**How to complete this task**
Write the data out again, character for character, with no images.

═════ Data section ═════

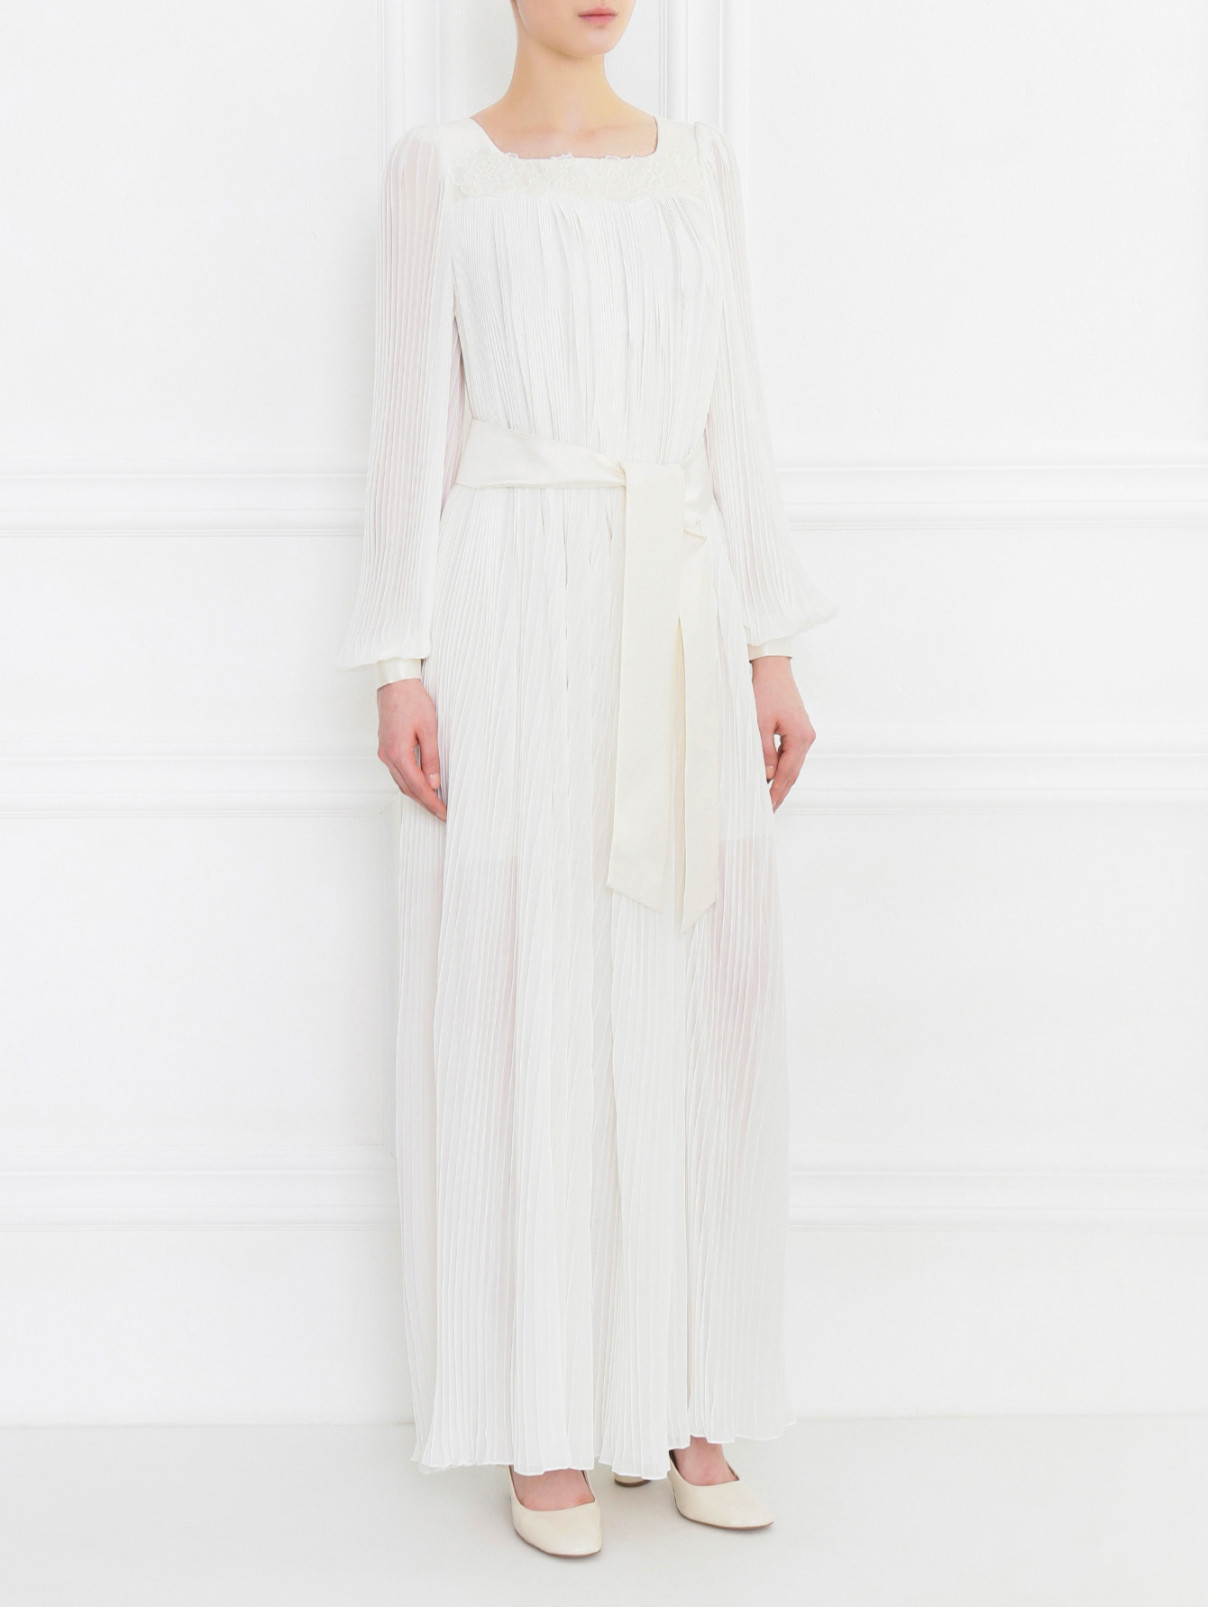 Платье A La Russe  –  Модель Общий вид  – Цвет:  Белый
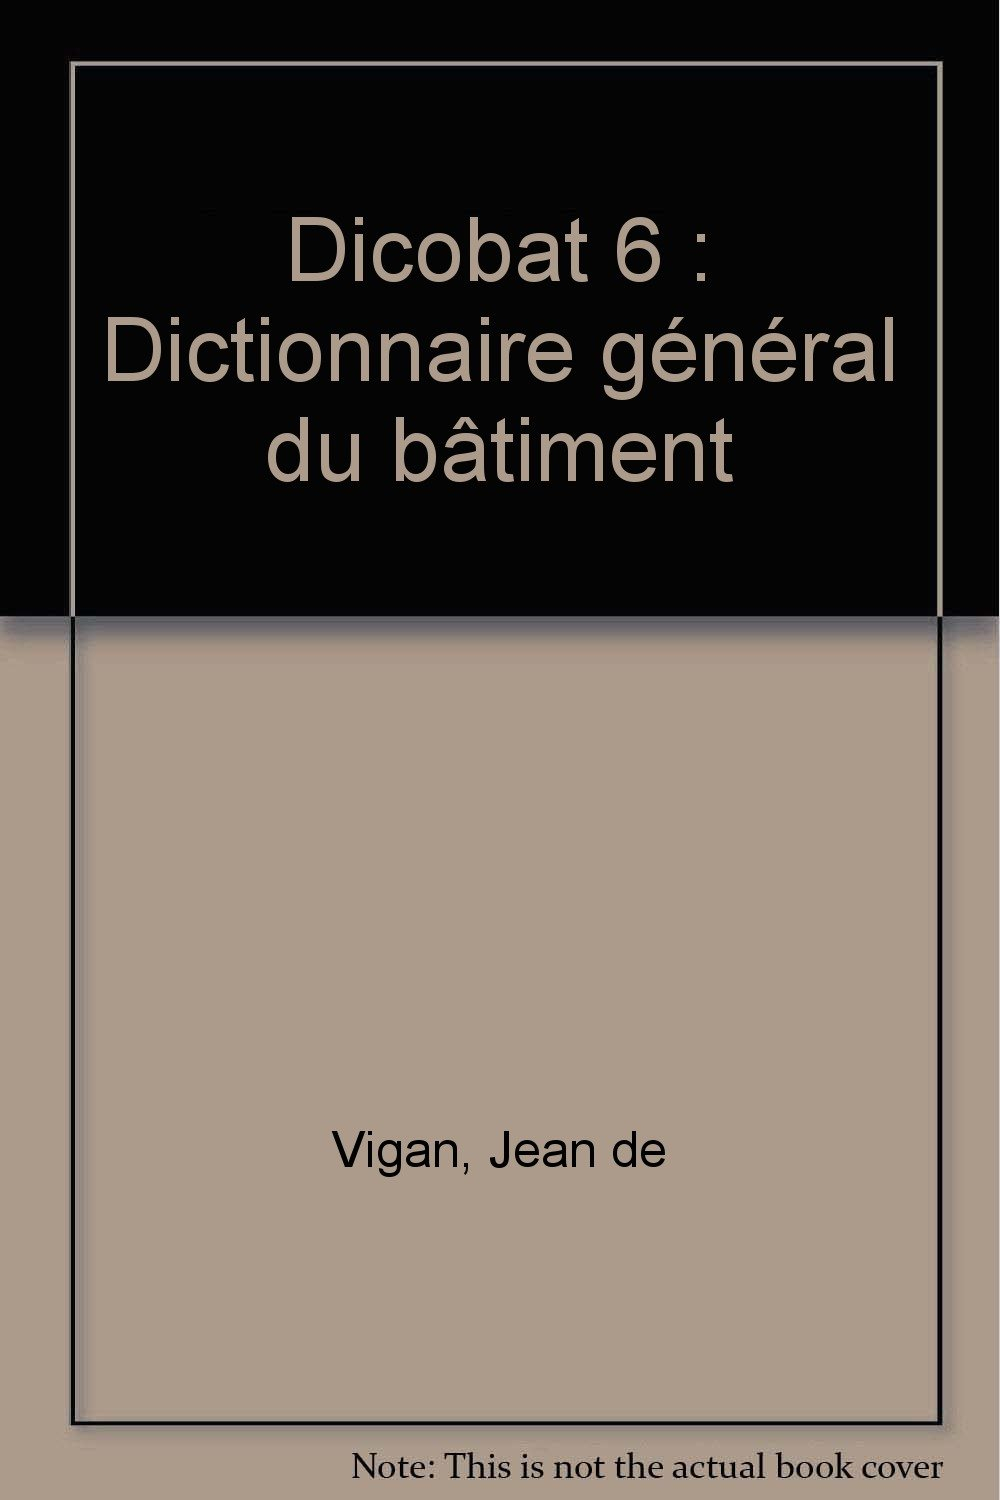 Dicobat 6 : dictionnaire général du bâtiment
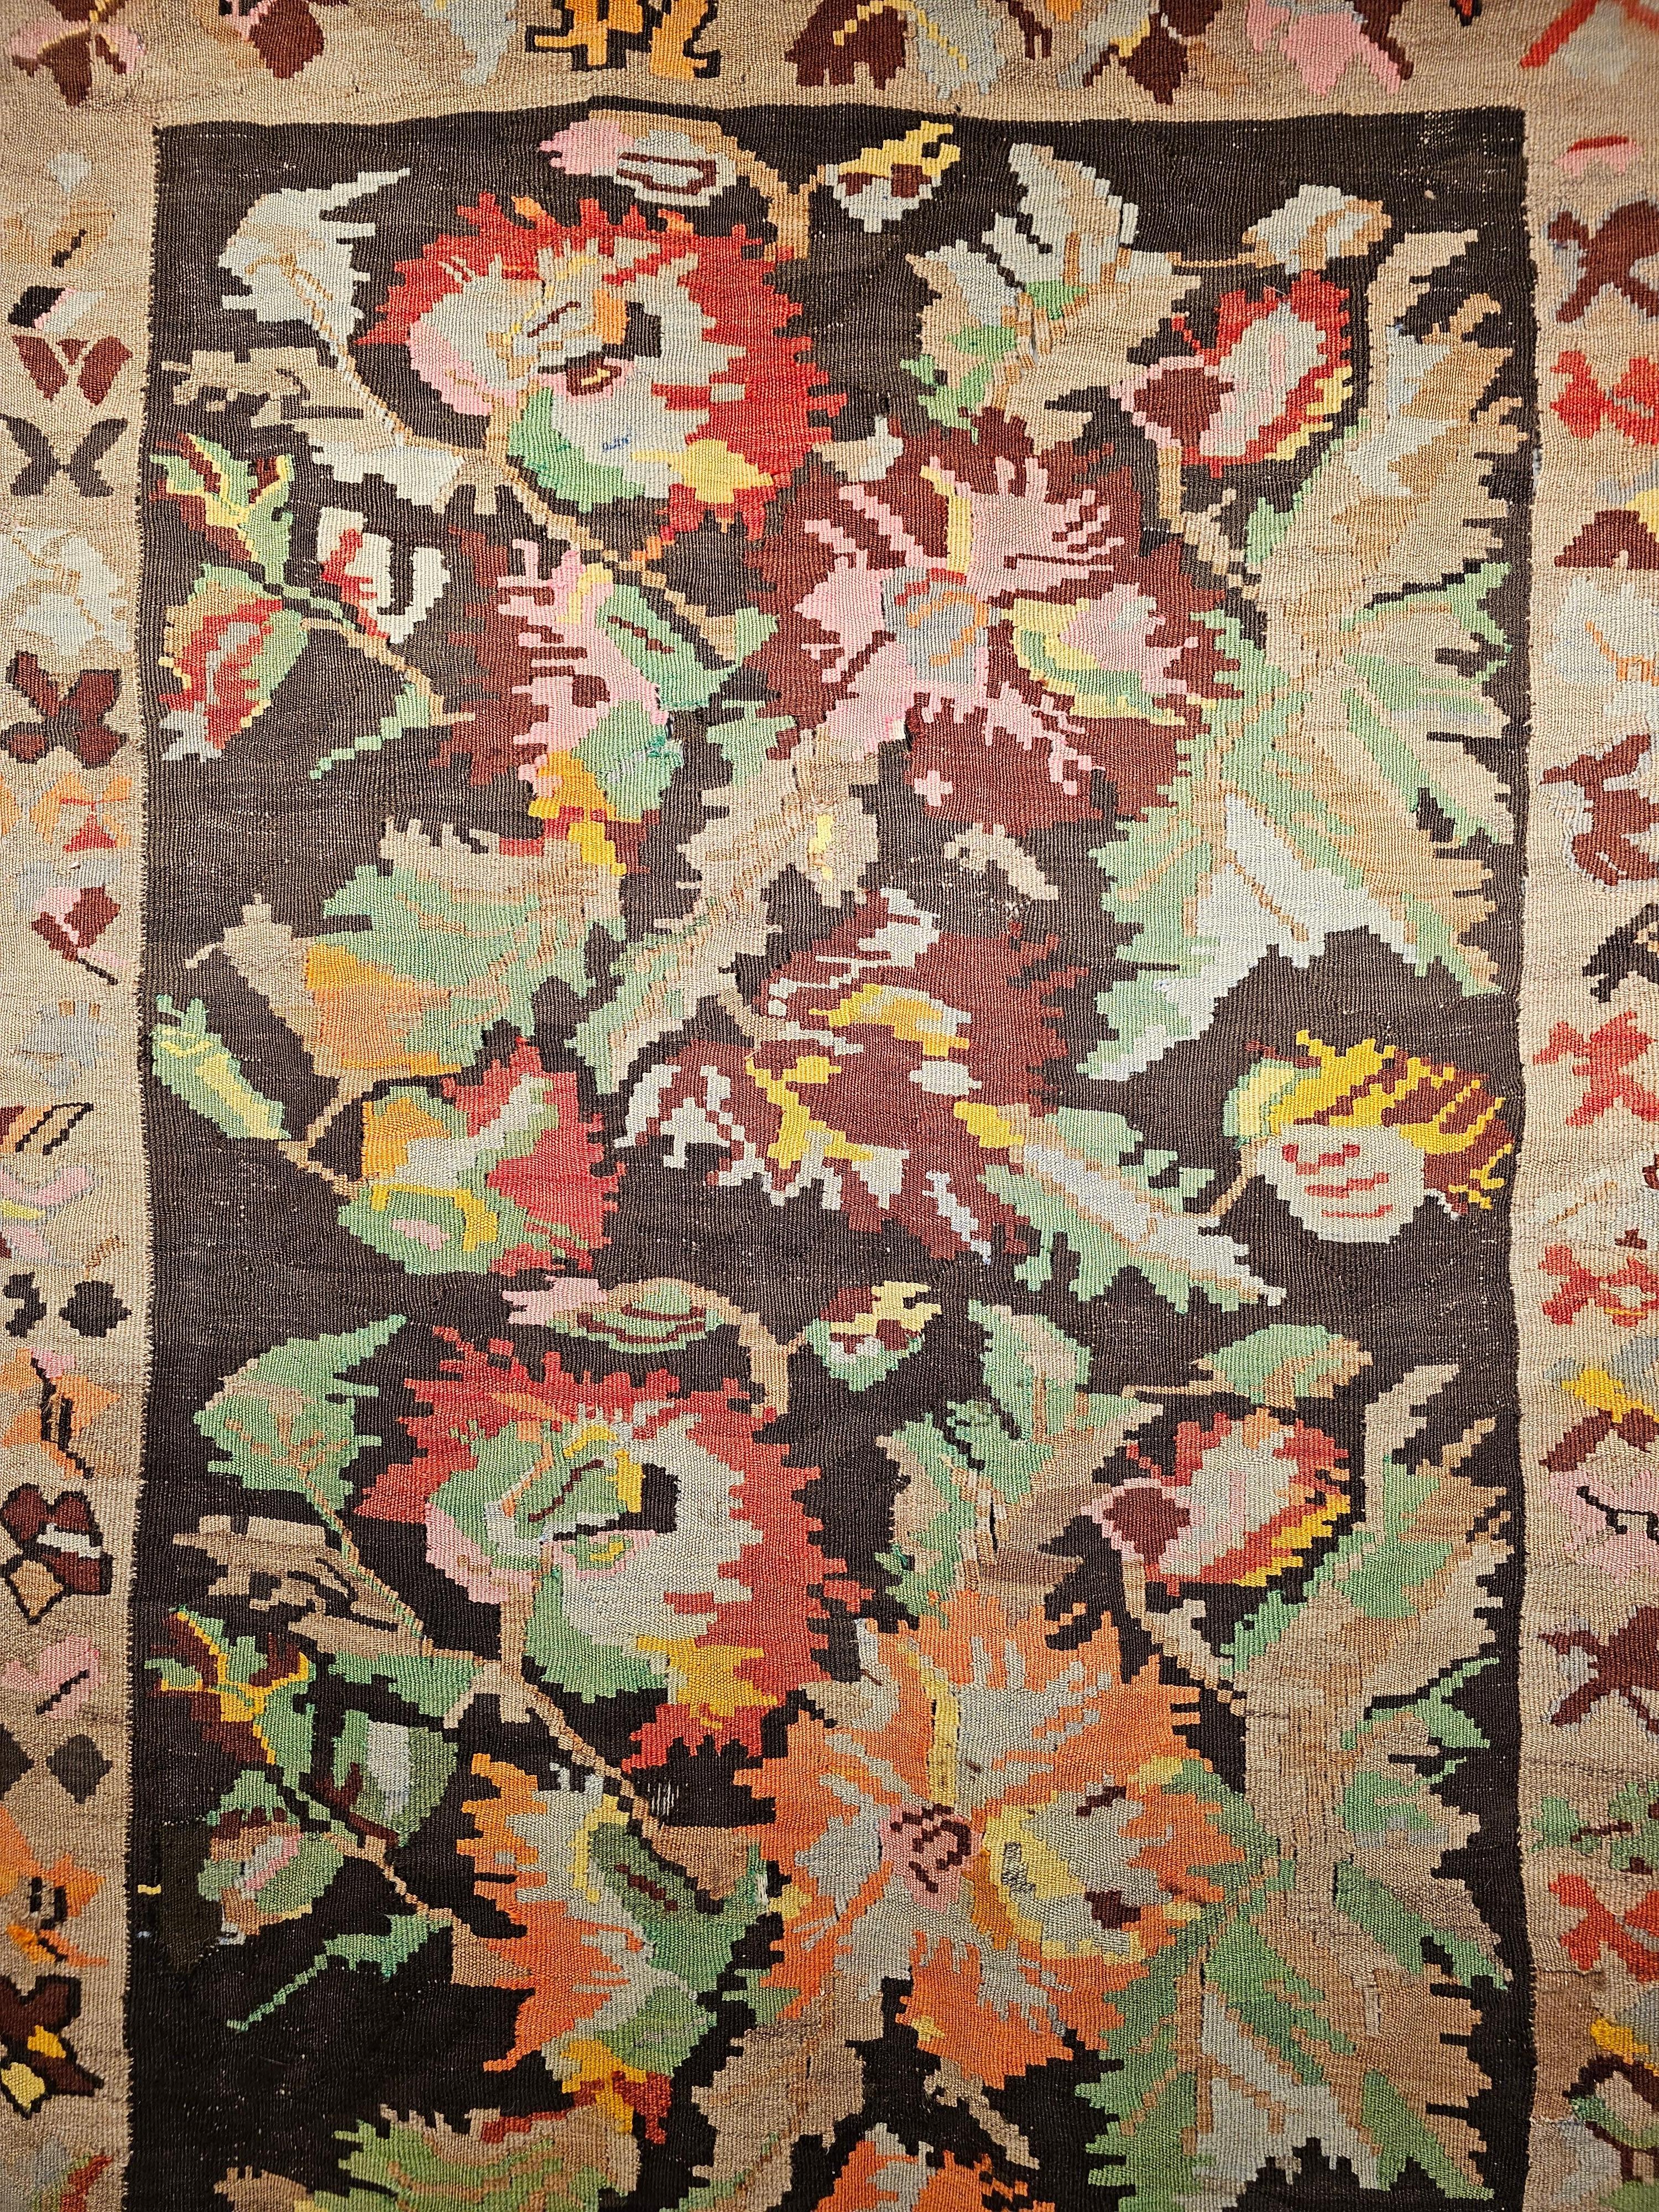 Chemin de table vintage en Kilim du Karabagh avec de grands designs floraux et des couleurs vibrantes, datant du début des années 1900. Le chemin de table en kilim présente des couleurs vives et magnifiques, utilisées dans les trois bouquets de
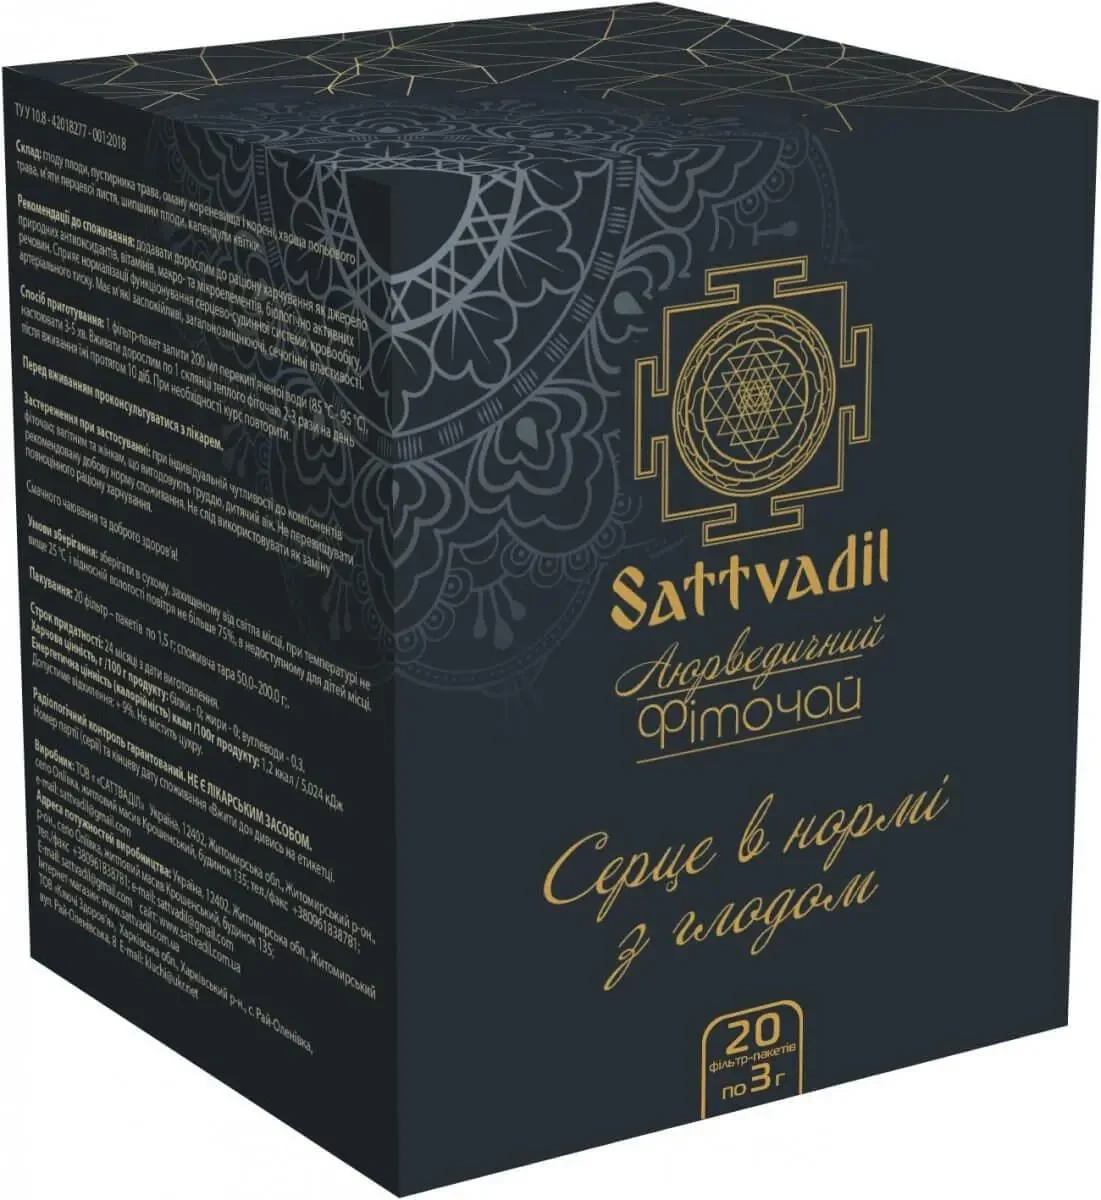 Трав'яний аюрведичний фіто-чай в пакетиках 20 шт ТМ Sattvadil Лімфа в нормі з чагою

═════

**Exercise answer**
 Платье A La Russe  –  Модель Общий вид  – Цвет:  Белый
 Dicobat 6 : dictionnaire général du bâtiment
 Chemin de table vintage en Kilim du Karabagh avec de grands designs floraux et des couleurs vibrantes, datant du début des années 1900. Le chemin de table en kilim présente des couleurs vives et magnifiques, utilisées dans les trois bouquets de
 Трав'яний аюрведичний фіто-чай в пакетиках 20 шт ТМ Sattvadil Лімфа в нормі з чагою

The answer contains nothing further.